В поселке было три дома, обращенных окнами к океану. Доски в стенах и крышах прогнили и рассыпались их труху. Ветер сорвал с петлей двери, повалил трубы, и смел песок в длинные изгибистые гряды, похожие на гигантские буквы, начертанные на клочке земли между береговыми скалами и заброшенными строениями. Людей не было; они не дождались парохода и, боясь наступления зимы, бежали от океана через горы и теперь блуждали среди болот, заполнивших до краев глубокие впадины пустыни.
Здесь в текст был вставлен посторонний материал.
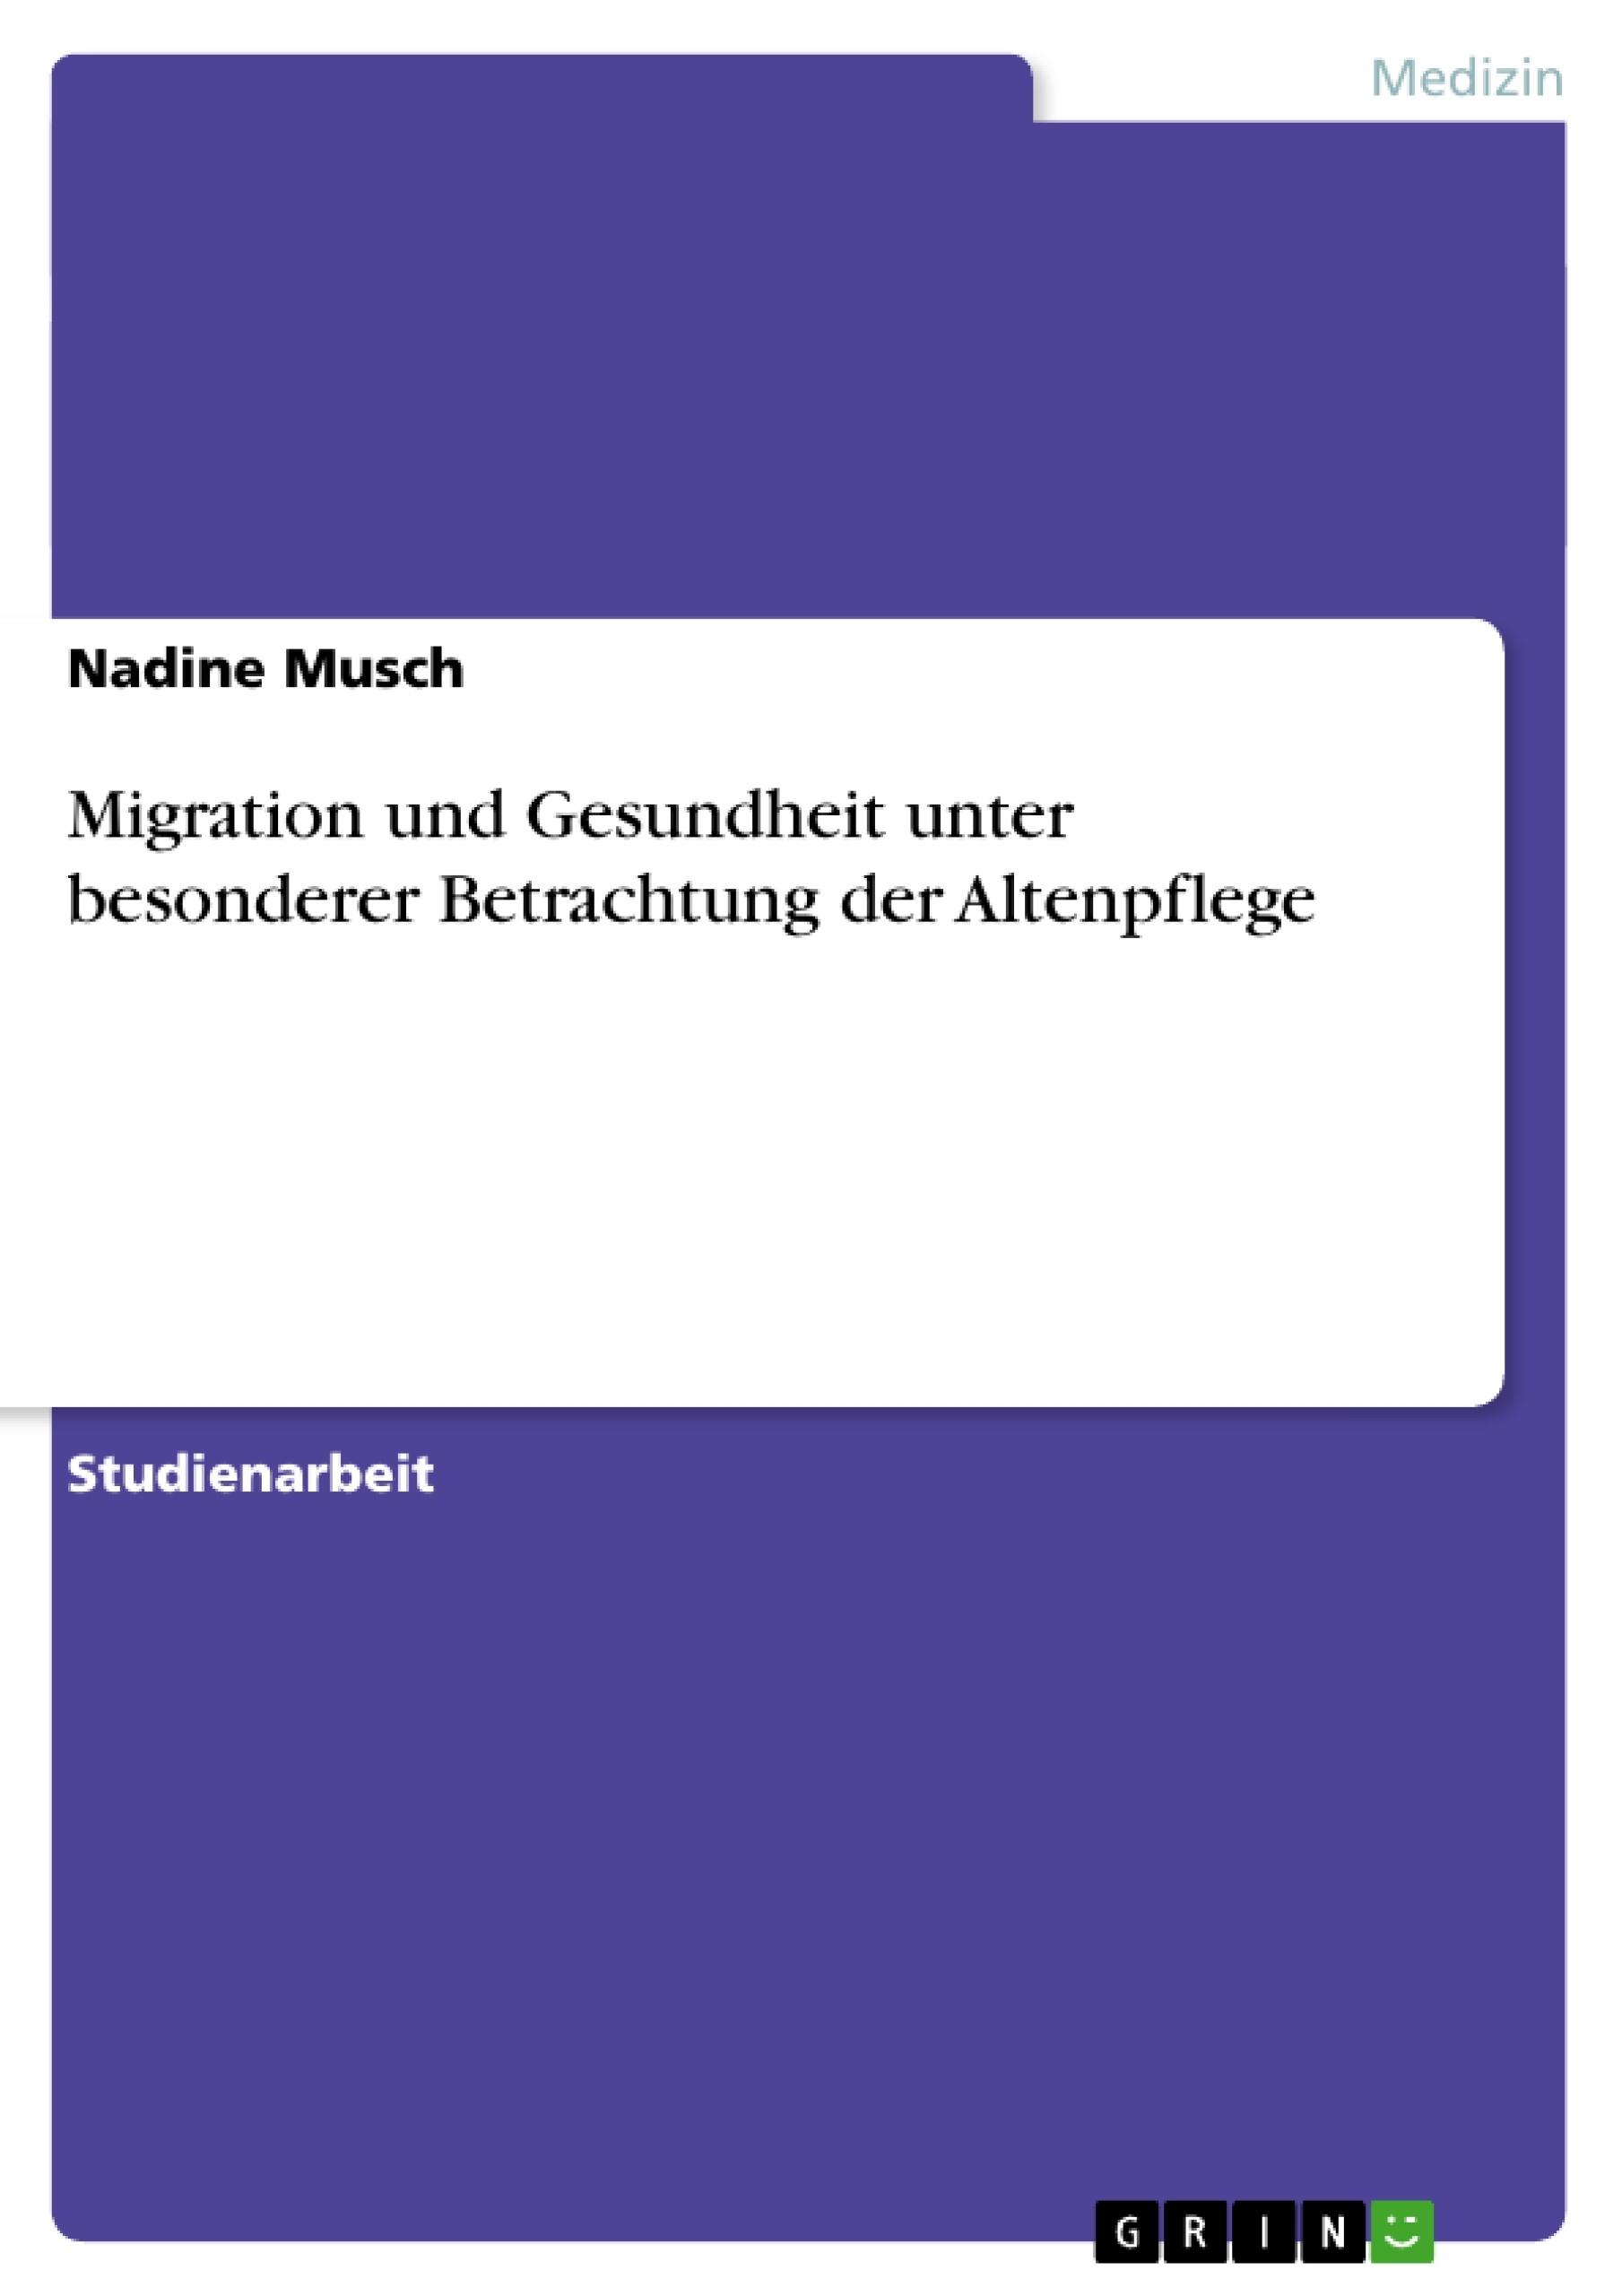 Titel: Migration und Gesundheit unter besonderer Betrachtung der Altenpflege

На полу, на столах и скамьях были разбросаны пустые жестянки, бутылки, лохмотья, сети еще сохранившие запах соленой воды, раскрытые сундуки и ящики с оторванными петлями и замками. В крайнем доме от берега на стене висела большая широкая доска, на которой было написано белой краской:
«Уходим, потому что боимся умереть, не знаем дойдём ли. Ефима Горлова похоронили на горе, но он сказал, что пойдет за нами, больше писать нечего, прощайте.
Андрей Тихов и товарищи».
Мы с капитаном долго разбирали эту надпись, в которой строчки путались, будто лепились одна на другую, видно было, что писавшему стоило не мало усилий уместить на доске все то, что он хотел сказать. Последним словам не хватило места и они растянулись по стеке между окном и дверью. Как ни было угрюмо и тоскливо на берегу, но после двух недель, проведенных на пароходе, твердая земля казалась лучше палубы, и поэтому я и капитан остались на ночь в доме, из окон которого виден был угол залива, в который через морщинистые камни с воем и визгом ломился пьяный и буйный океан, испуганный своими белыми видениями.
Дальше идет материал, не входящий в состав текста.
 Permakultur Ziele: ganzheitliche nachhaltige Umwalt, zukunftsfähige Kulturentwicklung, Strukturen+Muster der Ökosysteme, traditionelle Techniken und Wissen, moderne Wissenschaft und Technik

Мы сидели на опрокинутых ящиках за столом срубленным из досок, долго служившими подводной обшивкой какого-то судна. Они были изъедены морскими червями и казались украшенными затейливой резьбой, на которой переплетались виноградные листья, сучья и веревки, связанные в узлы.
Мы пили горячий чай с коньяком, курили, смотрели на голые стены освещенные двумя свечами и думали каждый о своем.
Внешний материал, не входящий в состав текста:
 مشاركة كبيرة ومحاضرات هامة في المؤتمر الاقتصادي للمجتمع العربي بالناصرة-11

Стекла в гнилых рамах дрожали под напором ветра. Сорванная с петель и плохо прилаженная дверь, стучала и рвалась с удерживающих ее веревок; иногда, она с грохотом летела куда-то в темноту; в комнату врывался ветер, обдавал нас солеными брызгами и торопливо перебрасывался из угла в угол между наваленными в беспорядке ящиками. Свечи тухли; в темноте, было слышно, как матрос хохол Федорчук, кого-то ругает и с кем-то борется, прикрываясь дверью словно щитом. Капитан зажигал свечи и мы опять сидели молча, стараясь забыть, что кругом нас за стенами, на которых такие знакомые приветливые тени, распахнута безграничная пустыня с голыми камнями, печальные туманы над волнами и волны над бездной, голодной и жадной.
— Там была такая же комната и мы также сидели, как сидим теперь, — сказал капитан продолжая какую-то свою начатую мысль. — Что с ними сталось — как ты думаешь?
— С кем? — спросил я удивленный и неожиданным вопросом и обращением на ты.
Капитан засмеялся.
— У меня привычка разговаривать с братом, — сказал он. — Моего брата я не видел лет пятнадцать, он все собирался приехать сюда, пока ему не помешала смерть. В этих северных морях заедает тоска, скука, постоянное одиночество и, чтобы не молчать, я с ним разговариваю. Понимаете?
Я молча кивнул головой.
— Сейчас я вспомнил один случай, непонятный, как многое тут, среди льдов, толчеи волн, карусели бурь и течений, которые вращаются от Берингова пролива до Японии.
Капитан говорил медленно и тихо. У него было широкое, мужицкое лицо, с добрыми карими глазами, в которых светилась та тоска по далекому, то спокойное и вечное устремление в даль, какое бывает у странников, у богомольцев, бродяг, у той святой Руси, что непонятная и чуждая всему идет в поисках новой неземной правды, по мягким степным проселкам, по дикой бездорожной тайге, по берегам северных морей, среди болот и каменных россыпей. Ищет, чему поклониться, не находит и мучительно никнет, гибнет, неразгаданная печально-прекрасная.
Мне он казался больше поэтом, чем капитаном, и я уверен, что в его каюте где-нибудь хранился альбом со стихами, которому капитан отдавал больше внимания, чем грузам «Марии».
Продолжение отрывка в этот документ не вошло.